Se o gosto de Drummond pela experimentação já se notava em poemas como “No meio do caminho”, de Alguma poesia, seu livro de estreia, neste Lição de coisas esse fazer se intensifica. A partir de provocações colocadas pelo concretismo, o poeta itabirano aqui se abre para explorar de maneira mais intensa forma e conteúdo – em especial, o conteúdo visual e sonoro –, “sem entretanto aderir a qualquer receita poética vigente”, como mineiramente se sublinha na nota da primeira edição.
As nove partes que compõem Lição de coisas – “Origem”, “Memória”, “Ato”, “Lavra”, “Companhia”, “Cidade”, “Ser”, “Mundo” e “Palavra” – representam os fundamentos da poética drummondiana: a terra, a família, as lembranças, os afetos, as amizades, as admirações, a consciência dos problemas do homem e dos perigos do mundo.

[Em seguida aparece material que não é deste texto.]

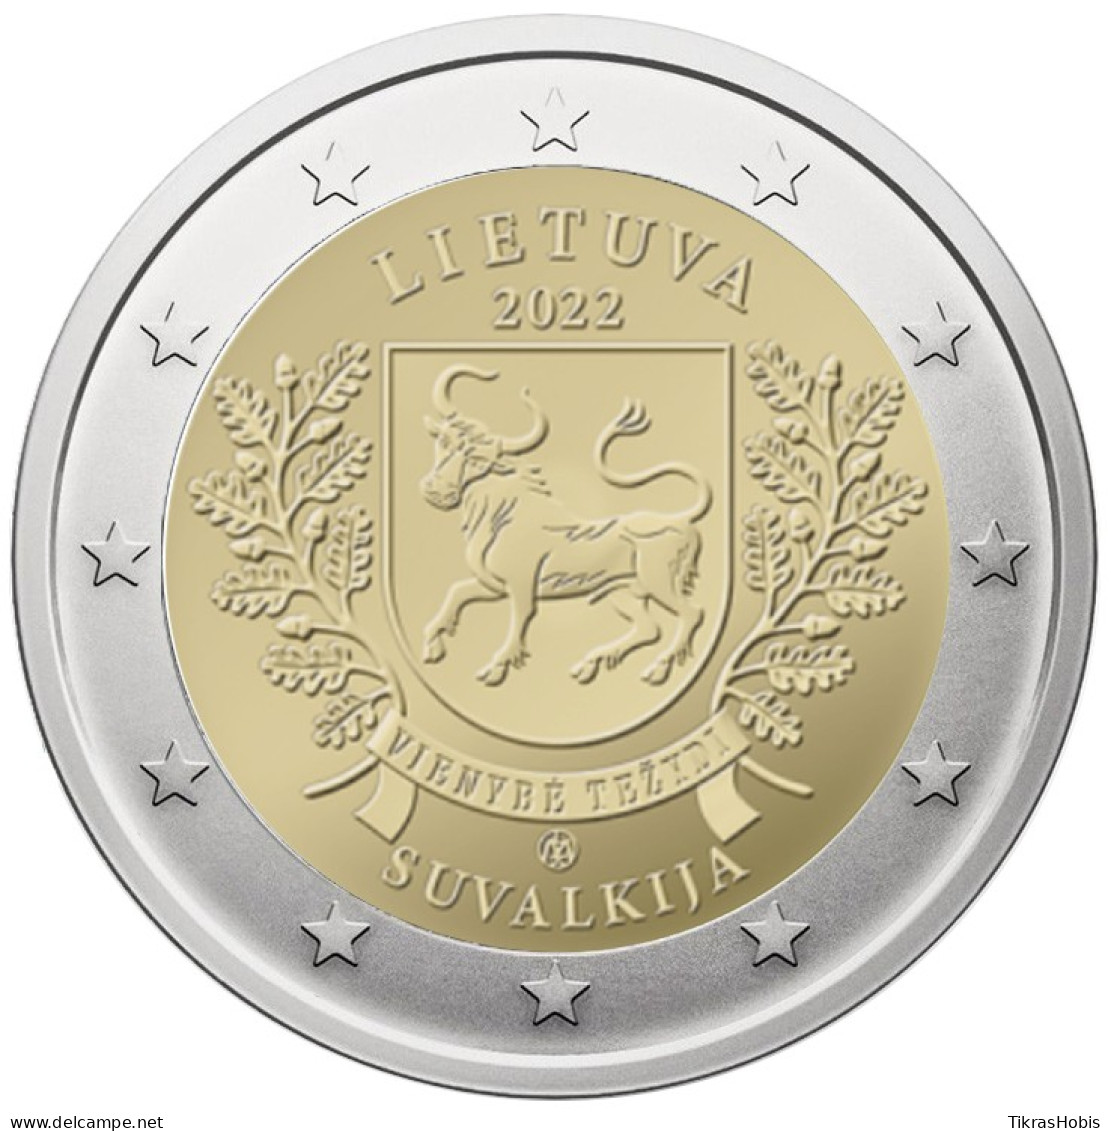 Lithuania 2 Euro, 2022 Suvalkija - Litouwen
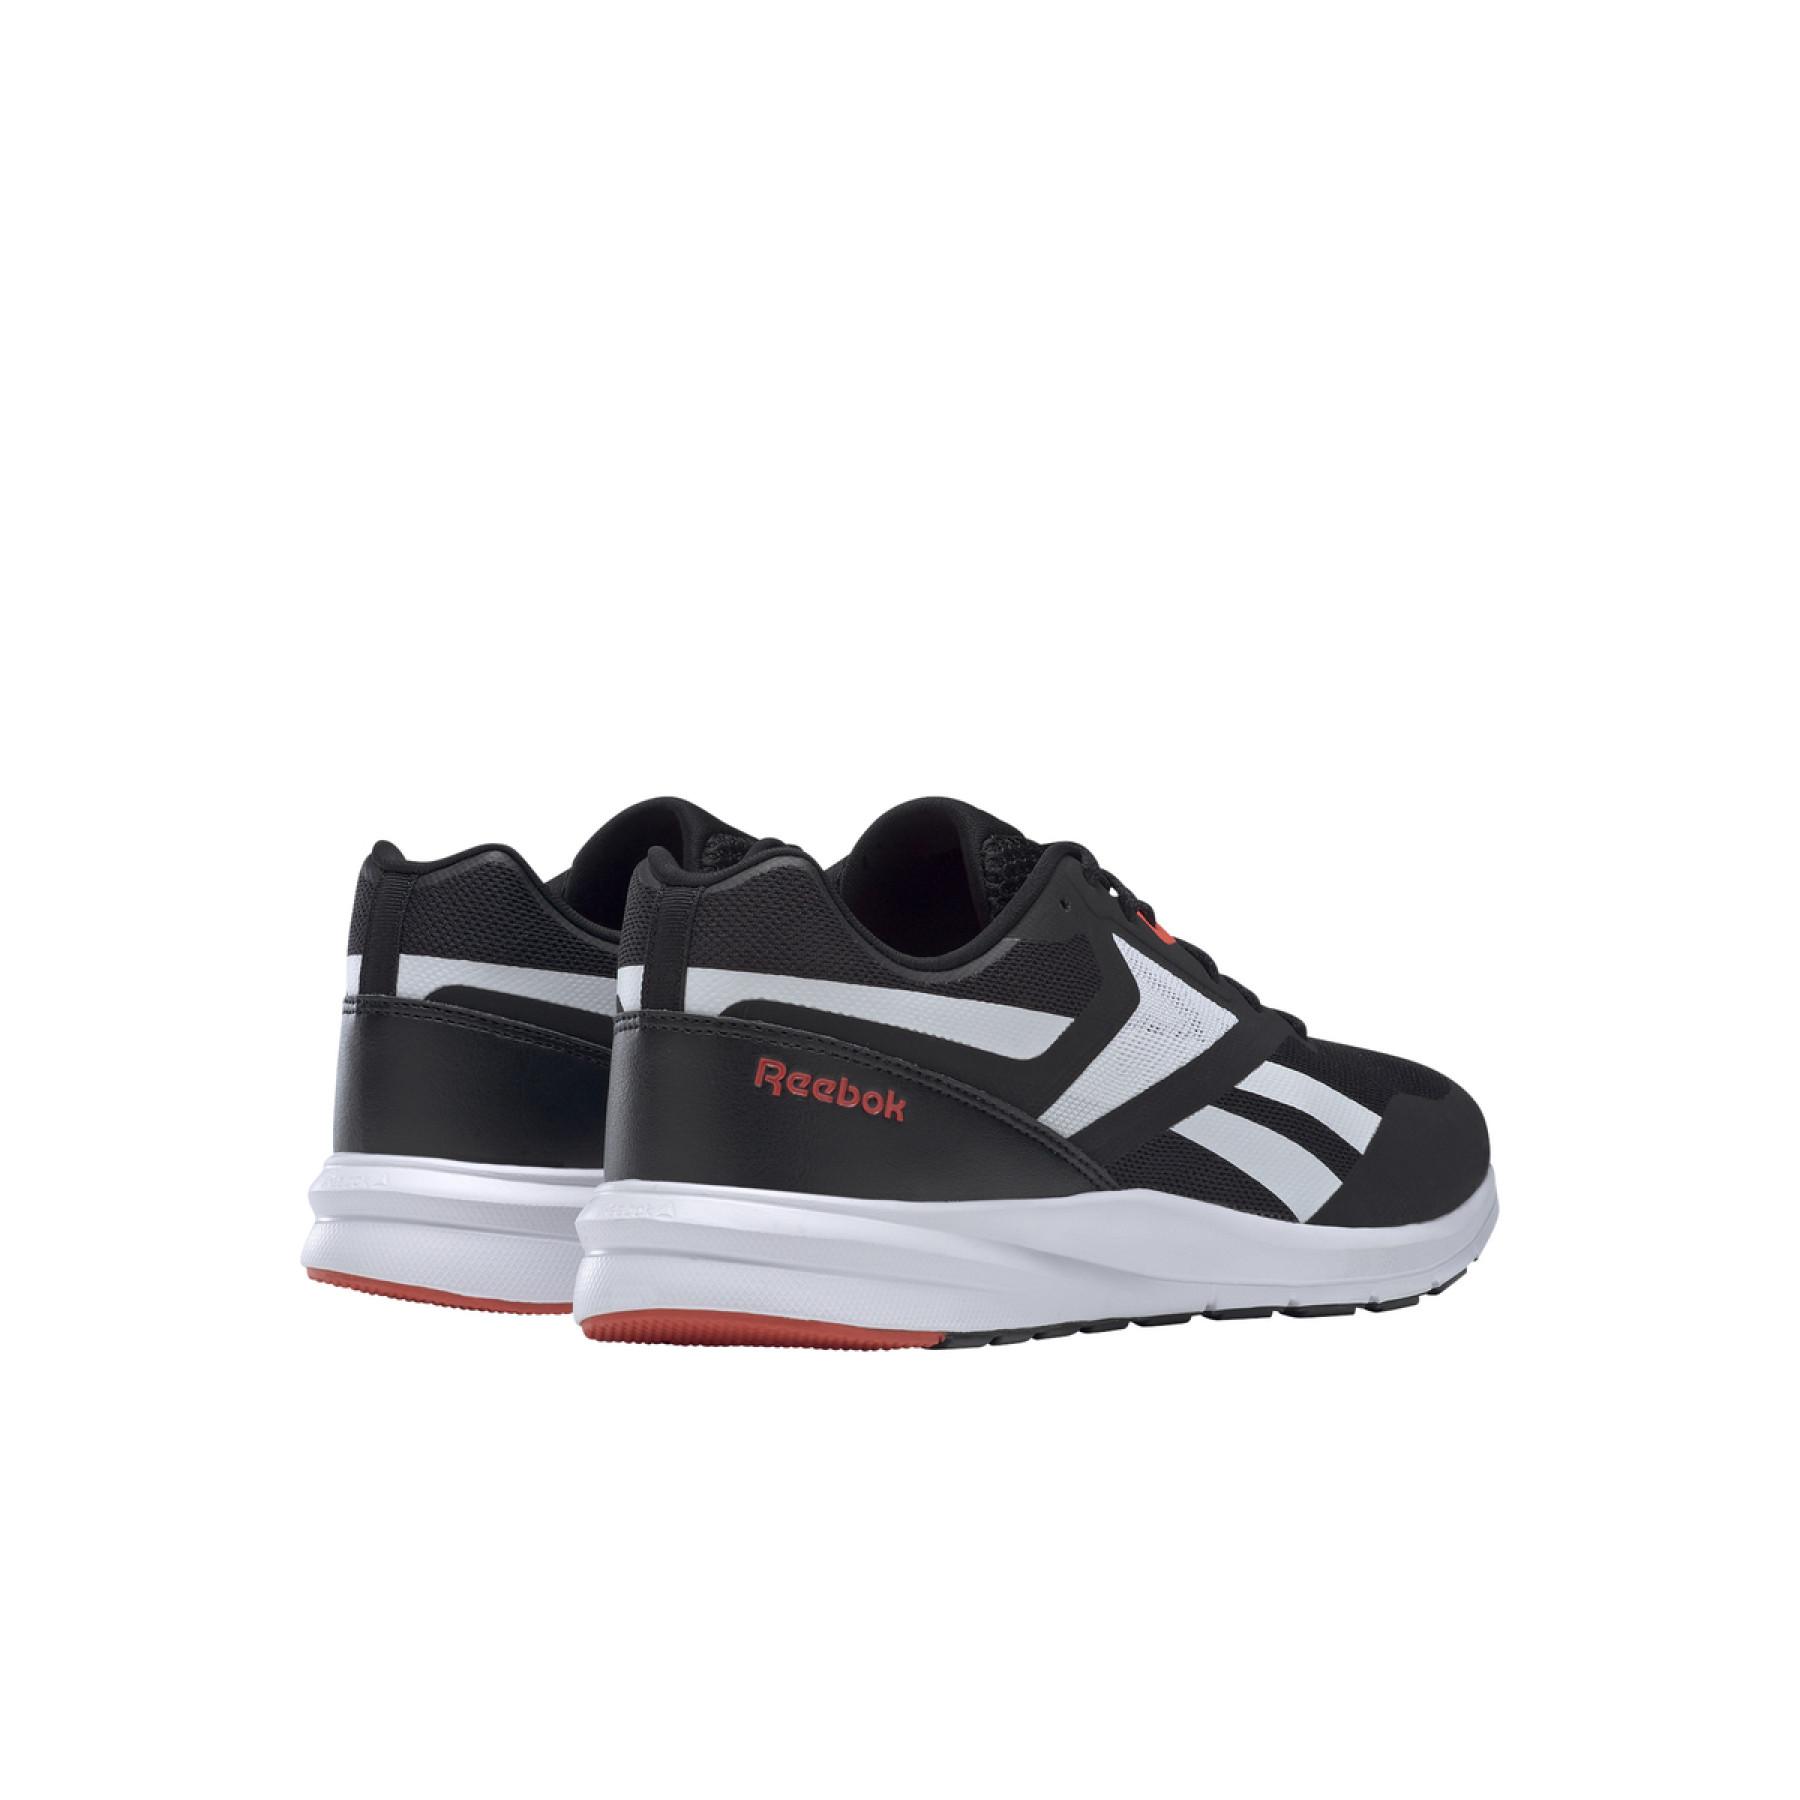 Schuhe Reebok Runner 4.0

Os poemas que aqui se encontram são dos mais conhecidos de Drummond: “O padre, a moça”, levado para o cinema pelo diretor Joaquim Pedro de Andrade, e “Para sempre”, belo canto de louvor às mães que circula nas redes sociais sempre que se quer homenageá-las.
Esta nova edição reúne também uma dedicatória do poeta para a esposa, Dolores, e outra para a filha, Maria Julieta, e sua família; a crônica “Livros novos”, que Drummond publicou no jornal Correio da Manhã; e quatro poemas (“A música barata”, “Cerâmica”, “Descoberta” e “Intimação”), constantes, como inéditos, na Antologia poética do autor, publicada em 1962, e incluídos no Lição de coisas a partir da segunda edição, lançada em 1965.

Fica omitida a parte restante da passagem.